ASSIGNMENT —
An exact copy of the data below is needed; please leave out any pictures.

SUPPLIED DATA —
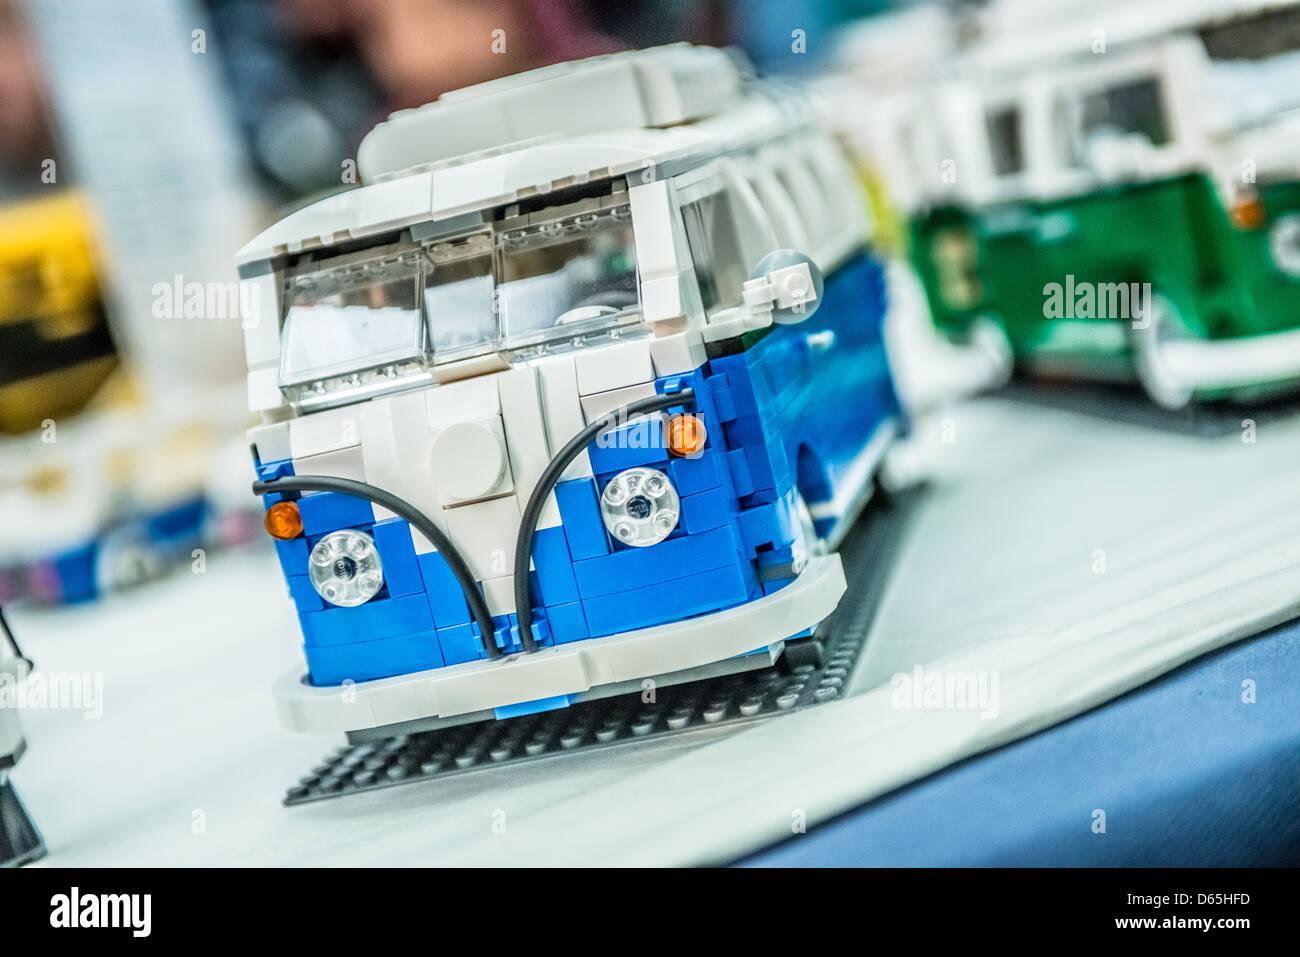 A Lego brick model of VW Camper Van - Stock Image
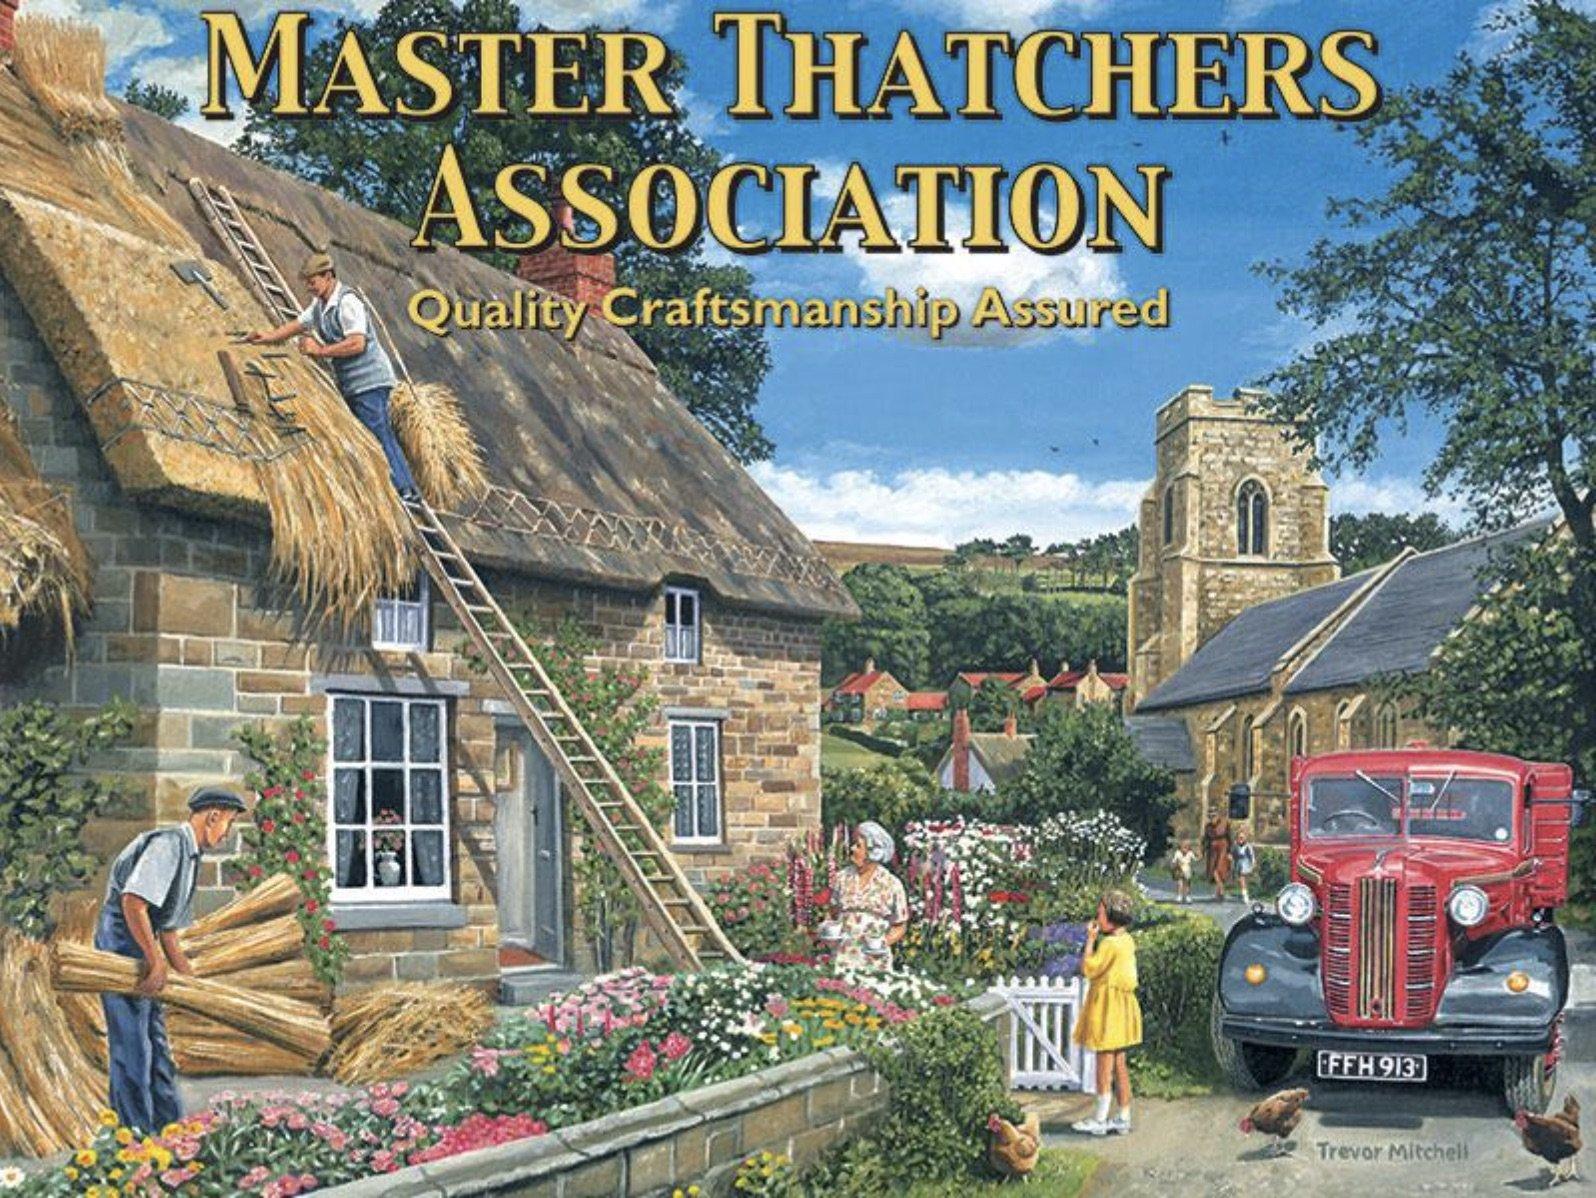 Master Thatchers Metal Wall Art
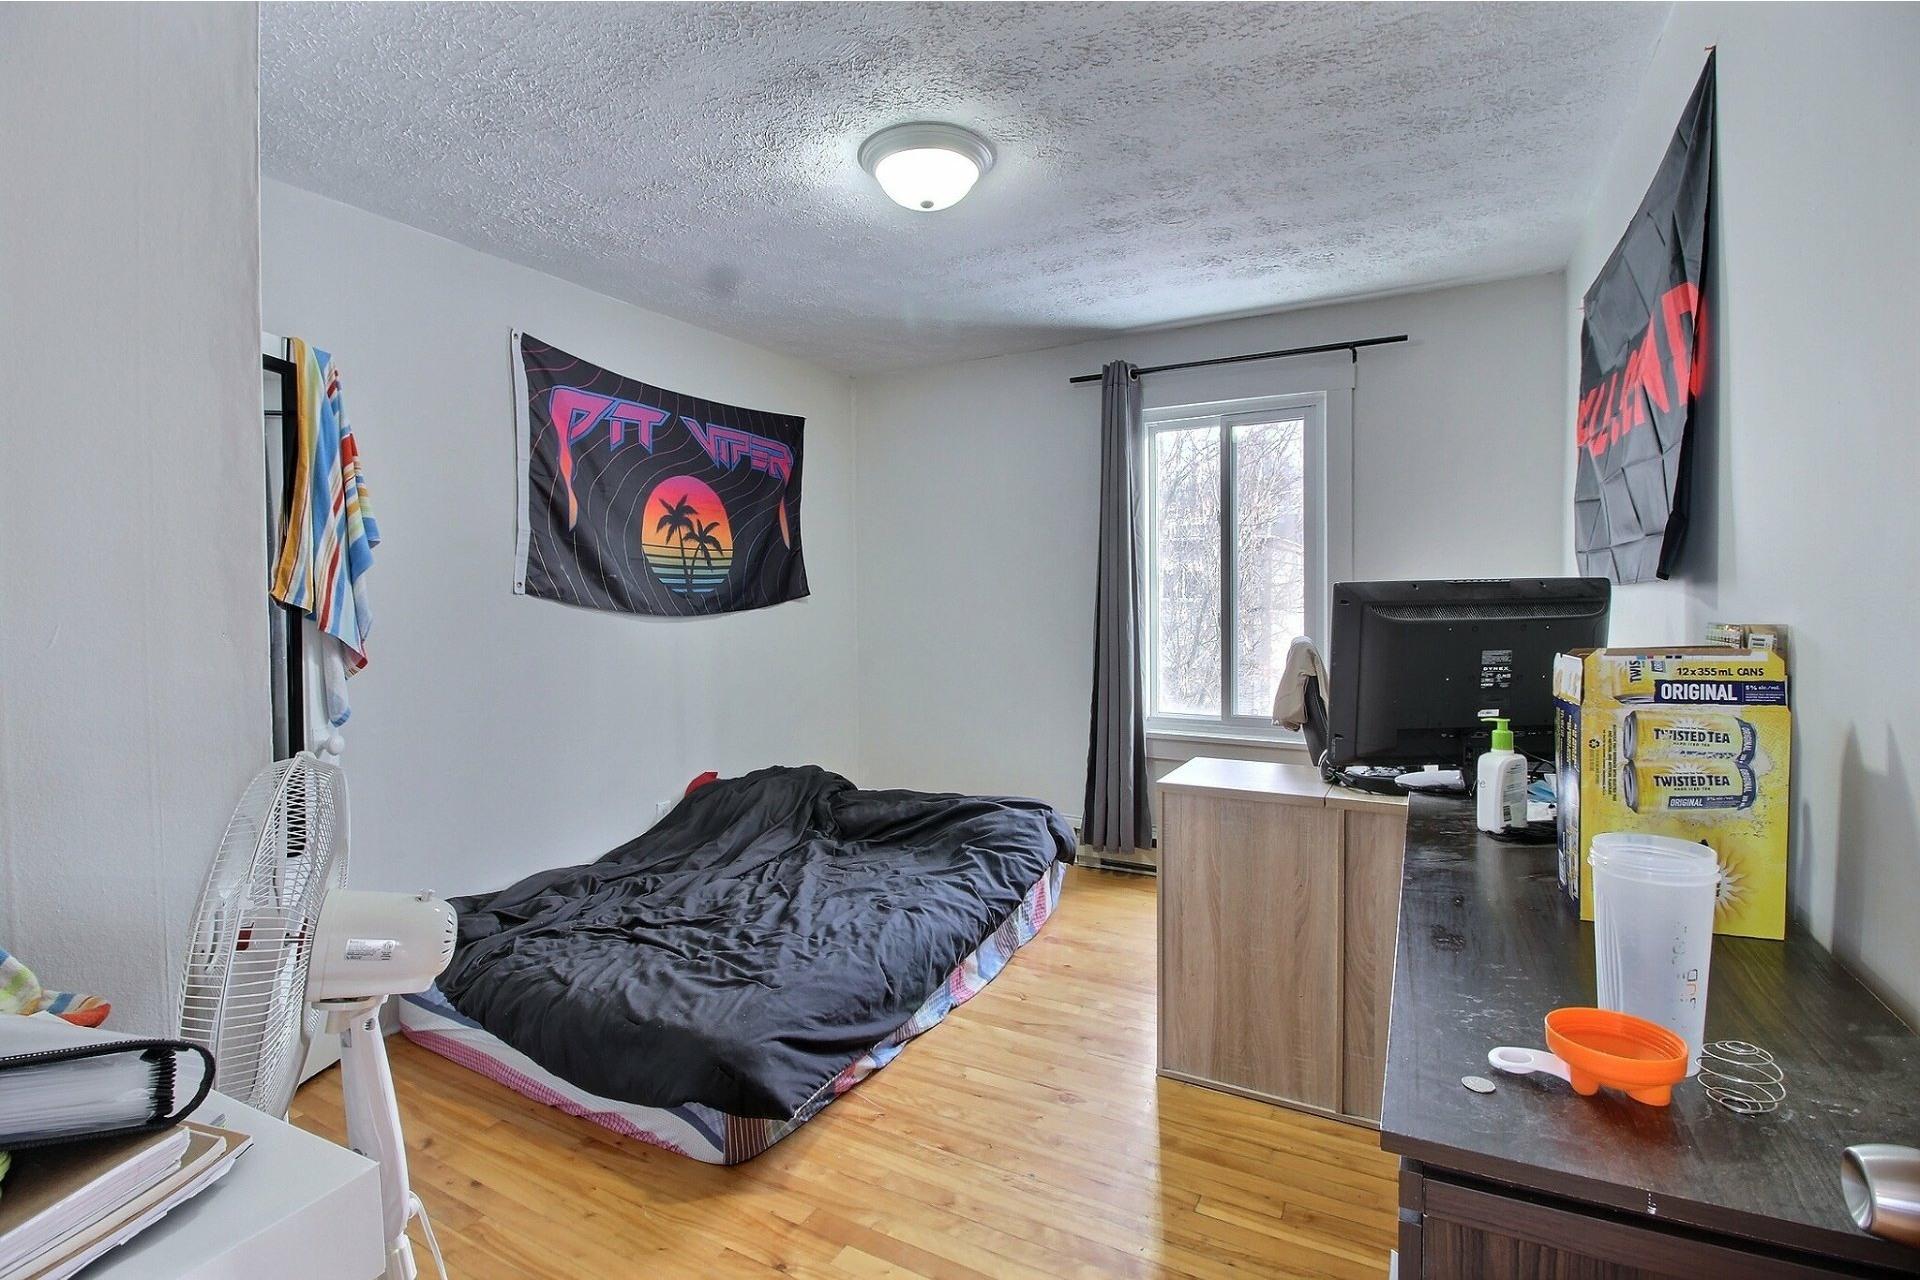 image 20 - Duplex À vendre Fleurimont Sherbrooke  - 4 pièces

RESULT BELOW —
 A Lego brick model of VW Camper Van - Stock Image
 Master Thatchers Metal Wall Art
 image 20 - Duplex À vendre Fleurimont Sherbrooke  - 4 pièces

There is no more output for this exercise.